Task statement
Your answer should consist of the lines below that hold the word "Socks".

Supplied data
▬▬▬
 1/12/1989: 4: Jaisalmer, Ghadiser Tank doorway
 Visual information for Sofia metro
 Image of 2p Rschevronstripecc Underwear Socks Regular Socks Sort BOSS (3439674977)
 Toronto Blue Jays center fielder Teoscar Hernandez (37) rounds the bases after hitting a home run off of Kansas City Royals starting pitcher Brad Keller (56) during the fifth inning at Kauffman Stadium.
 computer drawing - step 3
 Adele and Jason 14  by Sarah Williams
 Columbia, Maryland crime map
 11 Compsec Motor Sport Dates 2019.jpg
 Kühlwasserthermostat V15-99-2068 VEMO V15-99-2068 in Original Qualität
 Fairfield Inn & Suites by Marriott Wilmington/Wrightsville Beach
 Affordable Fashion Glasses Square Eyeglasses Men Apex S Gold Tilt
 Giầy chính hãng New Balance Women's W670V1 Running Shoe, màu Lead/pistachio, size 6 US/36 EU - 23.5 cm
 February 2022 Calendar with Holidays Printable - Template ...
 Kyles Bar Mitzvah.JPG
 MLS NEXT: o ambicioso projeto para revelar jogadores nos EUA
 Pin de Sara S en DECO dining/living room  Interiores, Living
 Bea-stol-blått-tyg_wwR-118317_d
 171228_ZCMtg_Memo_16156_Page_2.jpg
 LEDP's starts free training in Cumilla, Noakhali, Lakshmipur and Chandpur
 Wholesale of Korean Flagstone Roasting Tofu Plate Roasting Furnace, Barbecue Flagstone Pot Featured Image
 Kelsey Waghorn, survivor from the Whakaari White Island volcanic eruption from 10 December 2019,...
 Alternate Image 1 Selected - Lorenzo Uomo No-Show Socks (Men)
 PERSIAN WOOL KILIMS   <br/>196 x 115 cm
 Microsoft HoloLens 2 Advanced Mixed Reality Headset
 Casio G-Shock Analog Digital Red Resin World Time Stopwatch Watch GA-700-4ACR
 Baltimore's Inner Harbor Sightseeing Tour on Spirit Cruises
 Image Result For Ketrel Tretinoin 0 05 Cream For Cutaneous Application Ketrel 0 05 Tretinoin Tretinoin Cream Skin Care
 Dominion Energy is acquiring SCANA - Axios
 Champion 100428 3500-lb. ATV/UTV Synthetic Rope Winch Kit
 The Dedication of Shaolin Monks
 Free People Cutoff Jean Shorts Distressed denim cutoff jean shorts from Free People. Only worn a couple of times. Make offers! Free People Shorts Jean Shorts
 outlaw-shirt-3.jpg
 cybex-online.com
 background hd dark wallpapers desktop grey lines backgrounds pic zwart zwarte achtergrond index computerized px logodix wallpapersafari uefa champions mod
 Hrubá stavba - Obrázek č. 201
▬▬▬
Answer to this exercise
 Image of 2p Rschevronstripecc Underwear Socks Regular Socks Sort BOSS (3439674977)
 Alternate Image 1 Selected - Lorenzo Uomo No-Show Socks (Men)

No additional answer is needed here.